Questions for the future

Although we now have a much clearer picture about how the brain contributes to metabolic homeostasis than we did a decade ago, many questions still remain. CNS perturbations have been seen to modulate processes such as glucose production and lipid metabolism in the periphery, but the circuits and mechanisms that intervene between the brain and systemic nutrient handling are poorly defined. Certainly, the SNS contributes to some of the outcomes, such as in the promotion of glucose disposal into skeletal muscle. Similarly, vagotomy — including sub-diaphragmatic vagotomy — prevents many of the changes in hepatic-glucose metabolism that occur in response to intracerebroventricular or MBH-directed injections, suggesting that the parasympathetic nervous system has a role3. Additionally, the control of glucagon secretion may contribute to the suppression of blood glucose by CNS leptin76. Determining how each of these systems contributes to the various responses to brain nutrient and hormone action, and the specific brain regions and circuits that control the response, will be important for our understanding of the physiology of metabolism.

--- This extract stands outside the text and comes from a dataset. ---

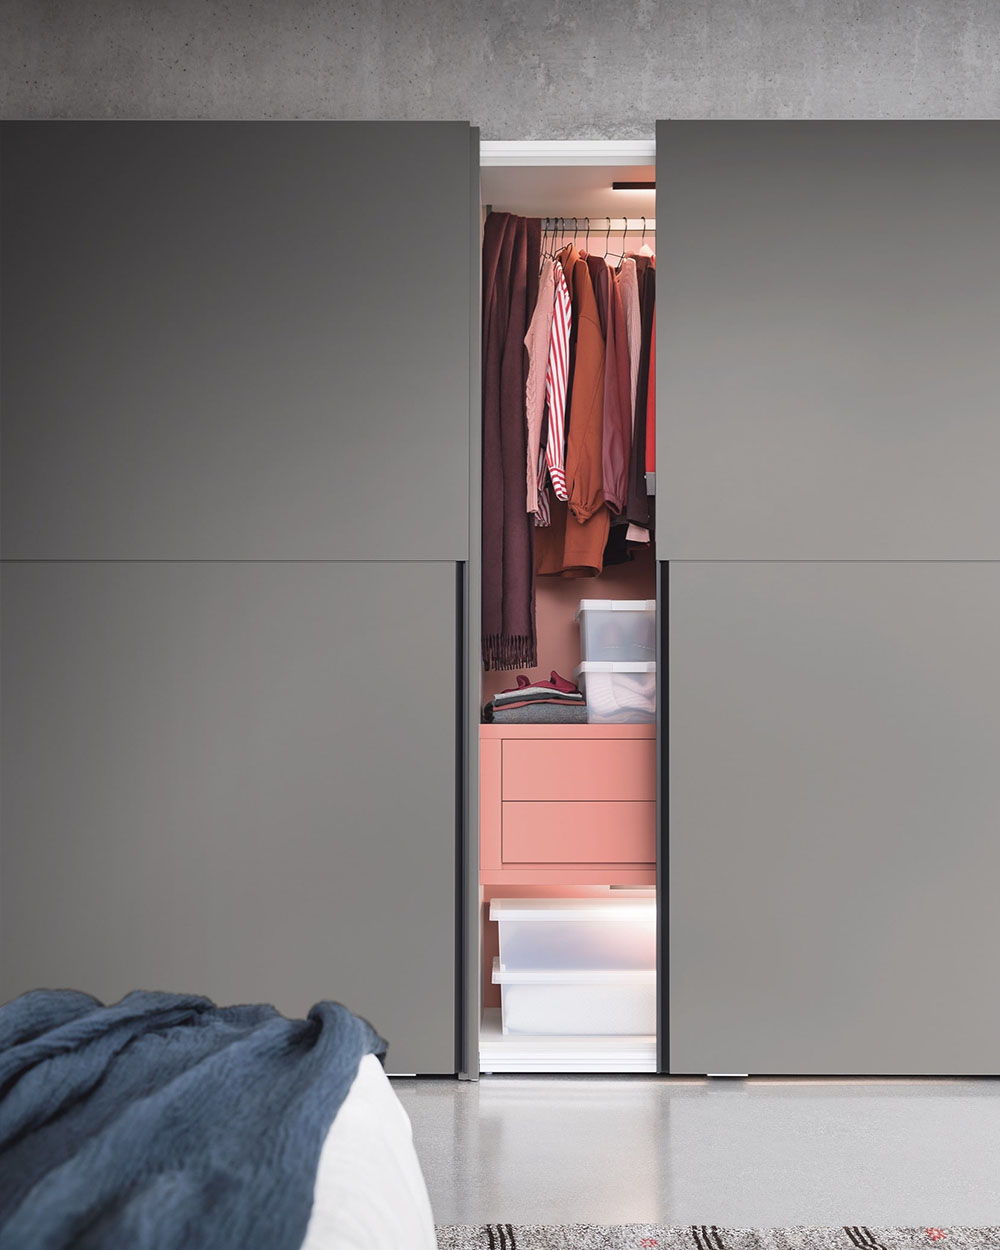 A balanced and minimal designed sliding wardrobe, designed in Italy, fitted to your home by Krieder.

Within the brain itself, we have an enormous amount left to learn. In addition to resolving the mechanisms through which the leptin and melanocortin systems contribute to various metabolic conditions, perhaps the most important issue to resolve is the cellular specificity of the system. Clearly, some progress has been made in this regard, especially in the arcuate nucleus, for which some genetic reagents are available for use in analysis; however, we desperately need other methods of genetic analysis to examine defined subpopulations of ventromedial-nucleus and arcuate-nucleus neurons, and to clarify the roles of other hypothalamic and brainstem circuits that have been implicated in metabolic control.